A refractometer is one of the most useful tools a brewer can have. It allows for near-instantaneous measurements of specific gravity, without having to compensate for or adjust sample temperature or withdraw a large volume of wort/beer (a significant concern at homebrew scales). There are a few issues associated with accurately using a refractometer for brewing, though. First, a refractometer does not actually measure specific gravity, or sugar content. Instead it simply projects a line through a reticle, and relies on the fact that the refractive index of the fluid will move a line up and down the reticle.
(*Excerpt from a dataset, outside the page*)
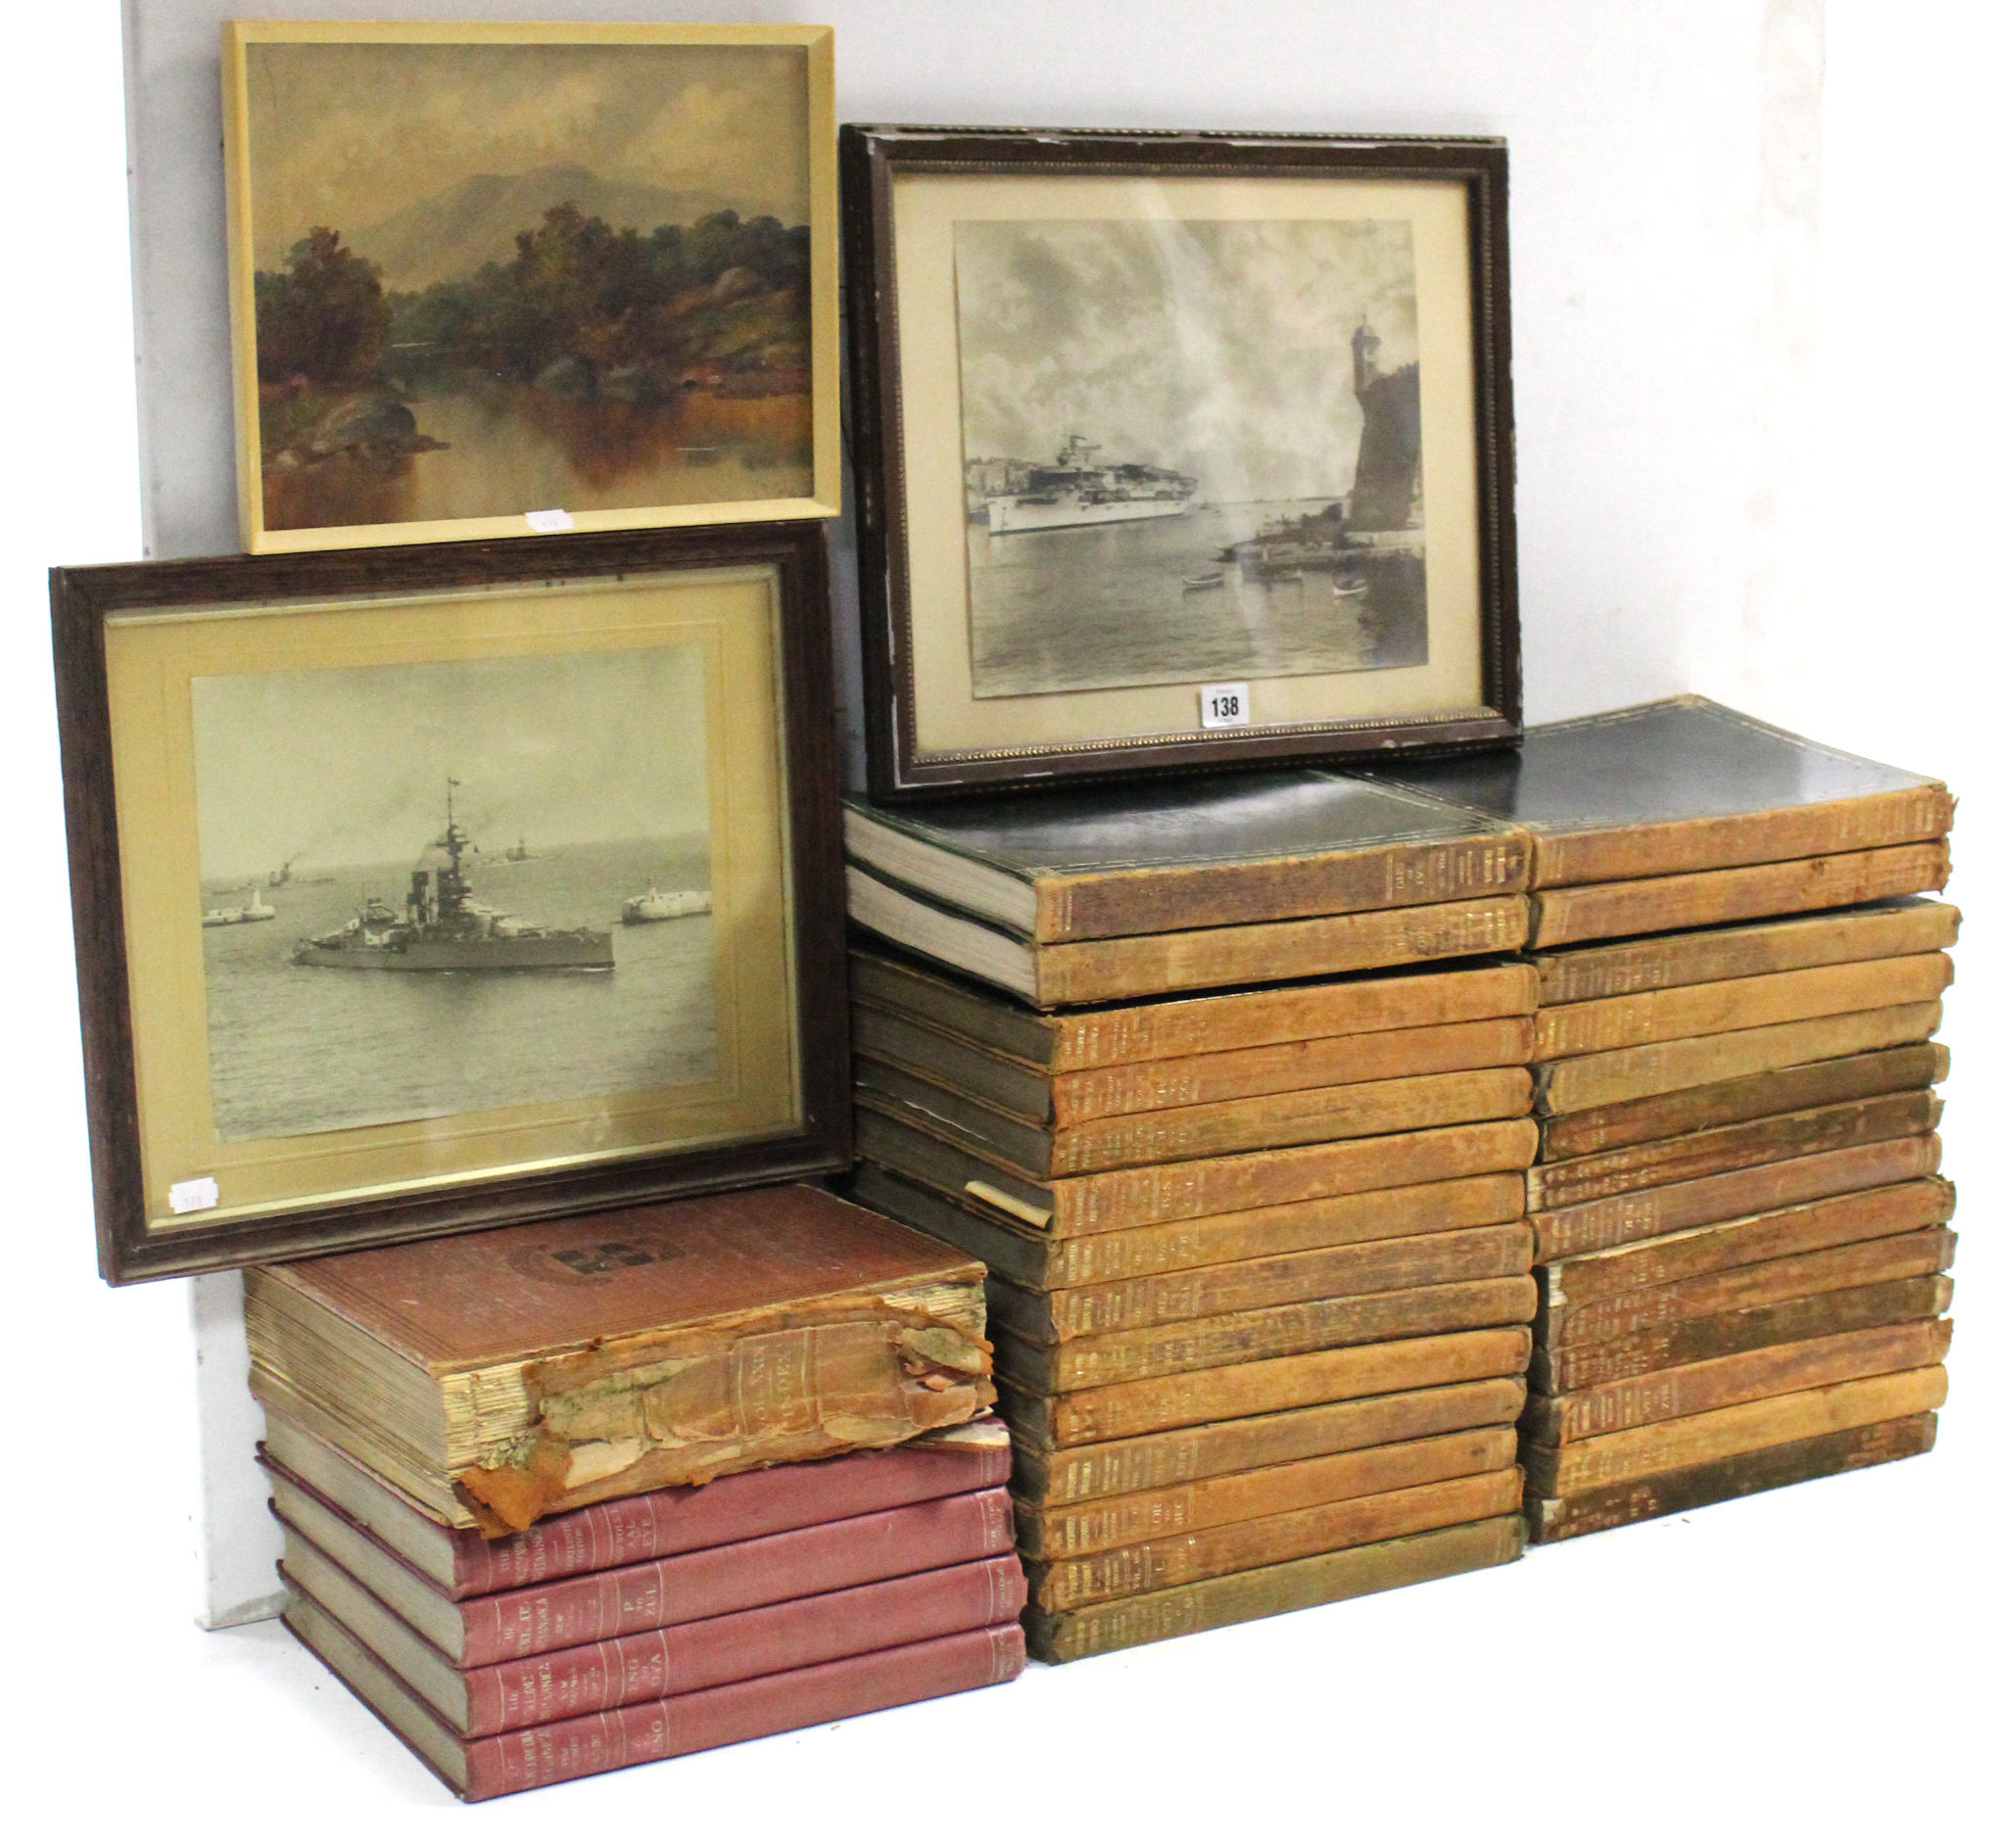 Two sepia naval photographs; a small oil painting on board titled to reverse “In the Vale of Clywd”,

For a simple sucrose solution (the refractometers common to homebrewers are “borrowed” from the wine industry) the refractive index depends only on the sugar content and the temperature. Automatic temperature correcting (ATC) refractometers use a bimetal strip to cancel out the temperature variable (within a given range), meaning that the reticle can be marked directly in units of sugar content. Brewers’ wort, however, is not a sucrose solution, and so a “wort correction factor” must be applied. Generally this is done by dividing the refractometer reading by 1.04.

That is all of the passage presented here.